Objective: Despite the effectiveness of electroconvulsive therapy (ECT), patients and practitioners are often reluctant to start it due to the risk of transient cognitive side effects, particularly in older patients. Inflammatory processes may be associated with the occurrence of these effects. This study assessed whether inflammatory markers prior to ECT are associated with cognitive functioning in depressed patients treated with ECT.
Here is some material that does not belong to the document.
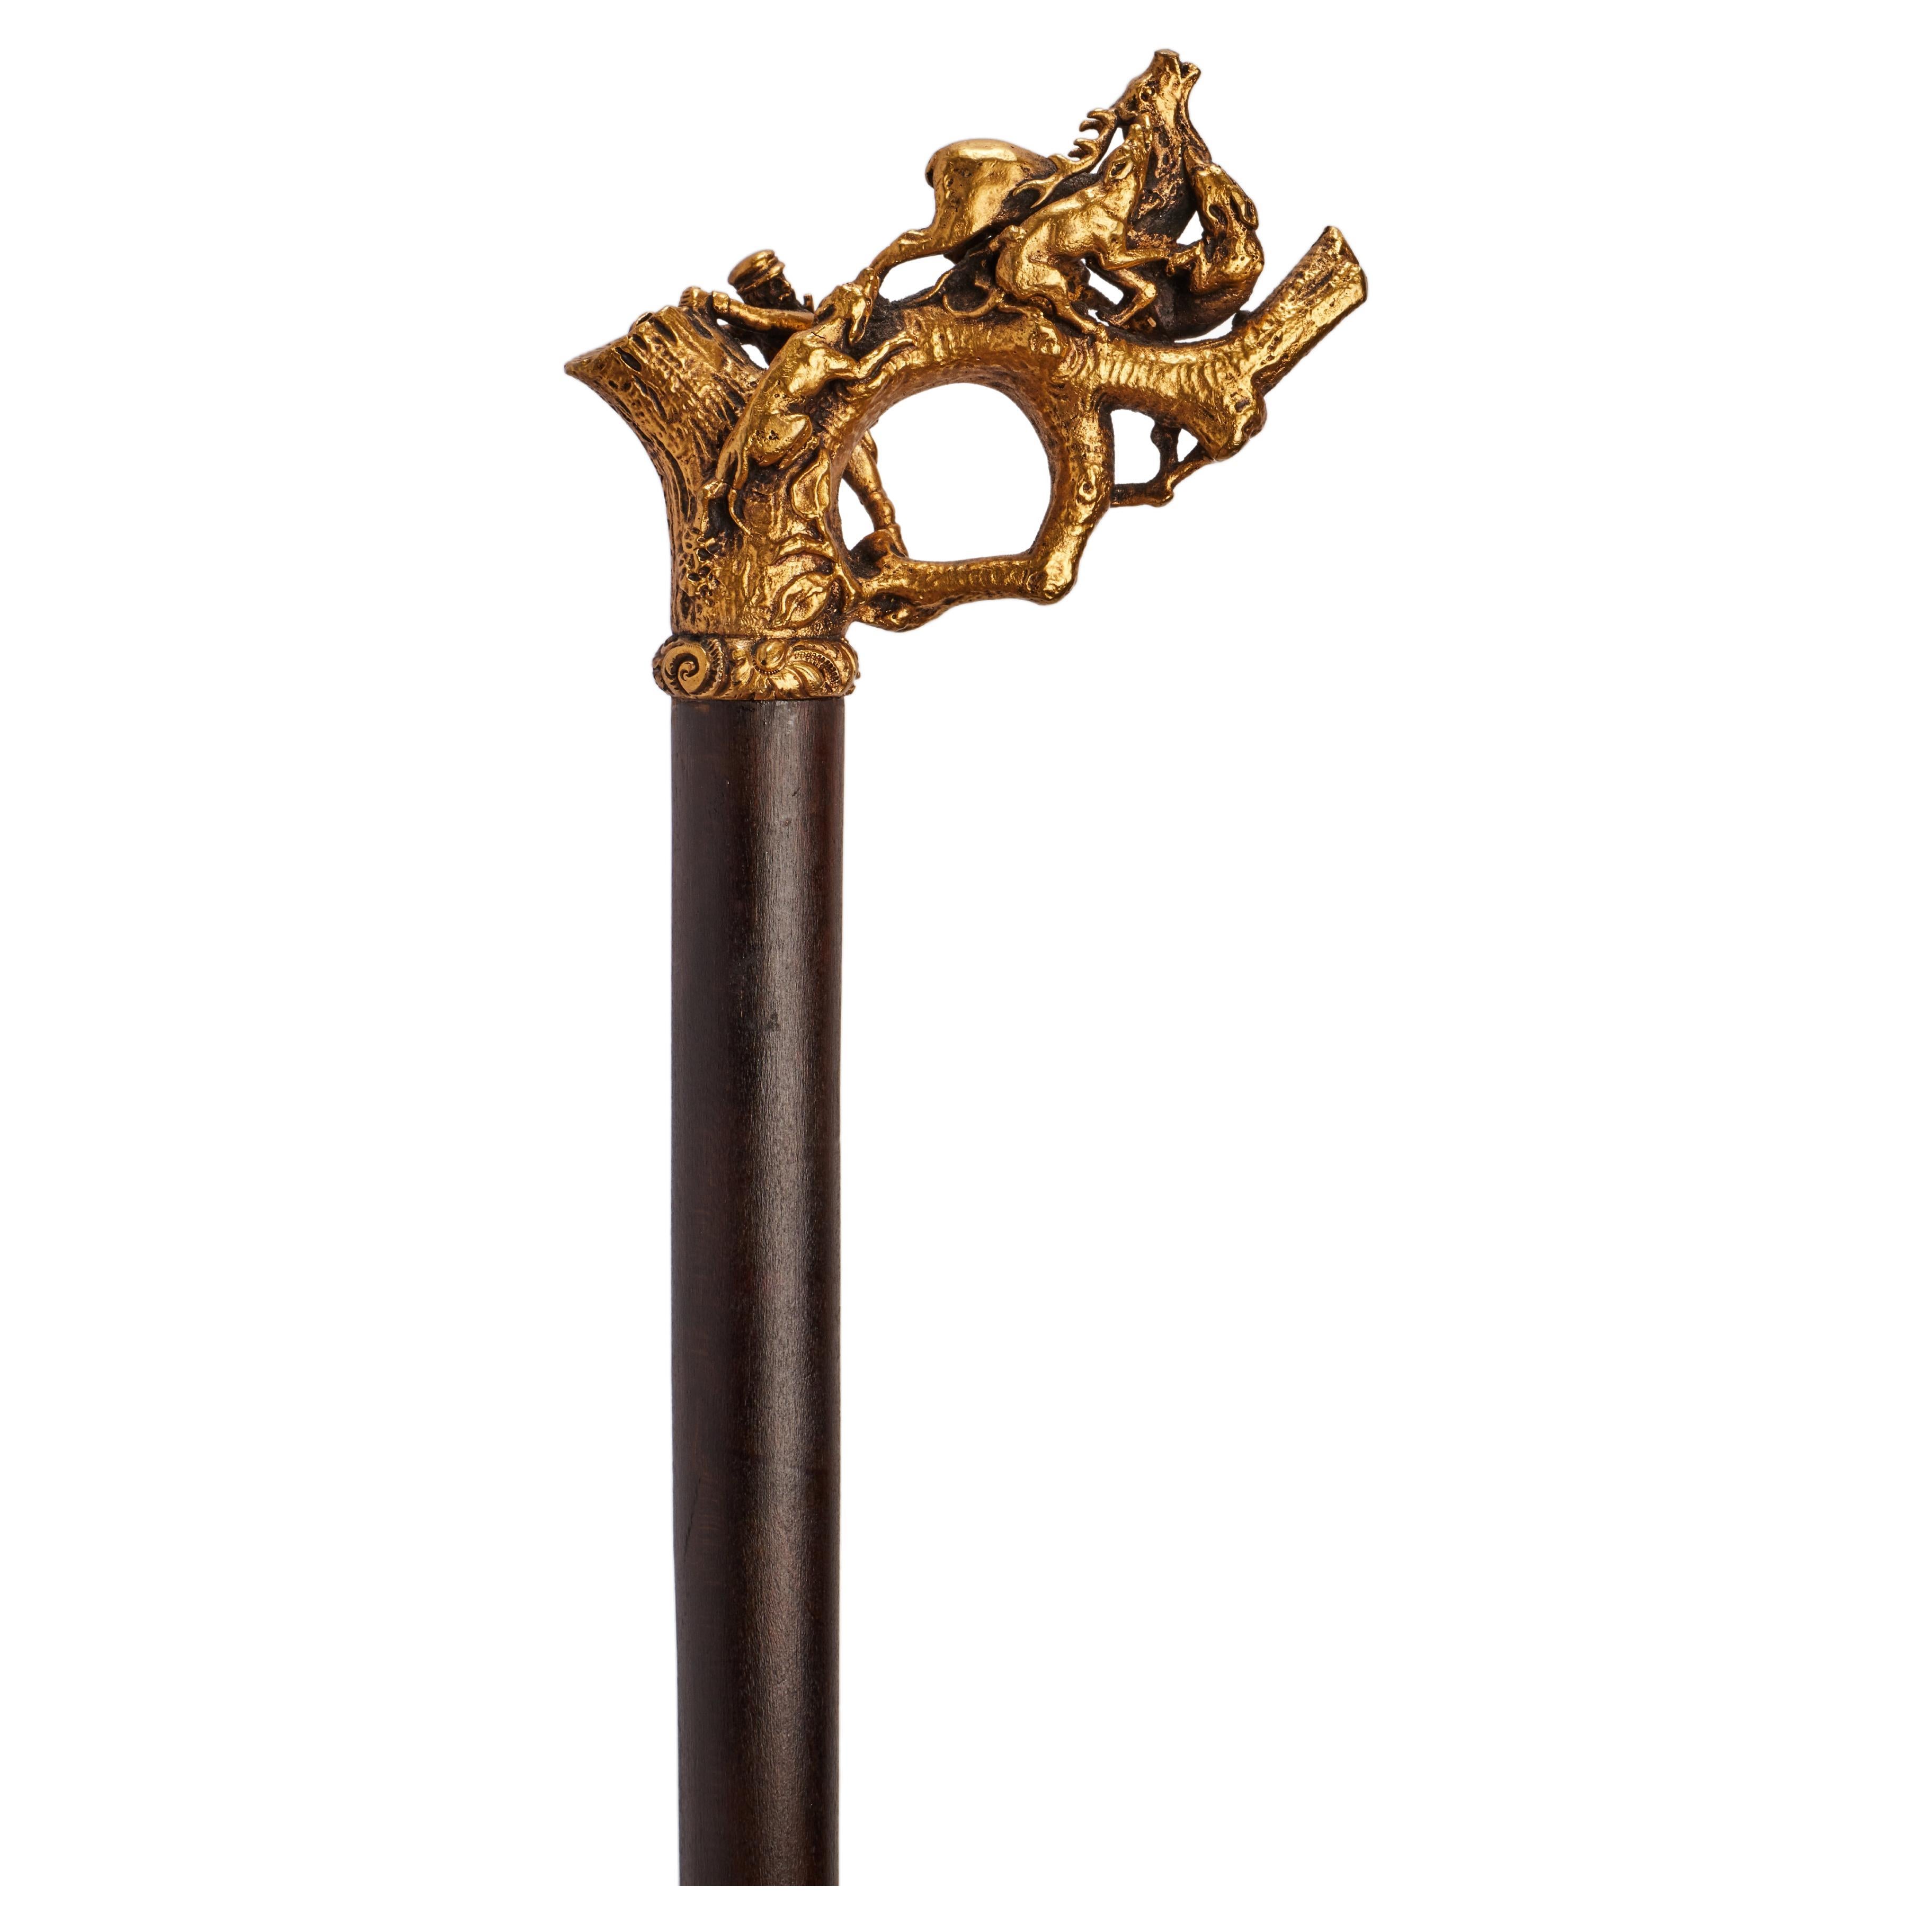 Silver gilt handle walking stick depicting an hunting scene, Germany 1890.

Methods: Between 2011 and 2013, 97 older patients (mean [SD] age = 73.1 [8.1] years) with severe unipolar depression (according to DSM-IV) referred for ECT were included. Mini-Mental State Examination (MMSE) scores were used to determine cognitive functioning prior to, weekly during, and in the first week after a course of ECT. Serum levels of C-reactive protein (CRP), interleukin-6 (IL-6), interleukin-10 (IL-10), and tumor necrosis factor-α (TNF-α) were assessed prior to ECT.
Results: In fully adjusted models, there was an association between TNF-α and cognitive functioning (β = -1.05; 95% CI, -2.04 to -0.06; f2 = 0.06). An association was also found between baseline levels of IL-10 and TNF-α and lower MMSE scores during ECT (IL-10: β = -2.08; 95% CI, -3.22 to -0.95; TNF-α: β = -0.65; 95% CI, -1.07 to -0.22). In addition, an association was found between baseline CRP and lower MMSE scores directly after a course of ECT (β = -0.51; 95% CI, -0.93 to -0.09; f2 = 0.10). Associations with IL-6 did not reach significance.
Conclusions: This study suggests that inflammatory processes are associated with lower cognitive functioning prior to ECT and predispose for further cognitive dysfunction during and after a course of ECT.
Trial registration: ClinicalTrials.gov identifier: NCT02667353.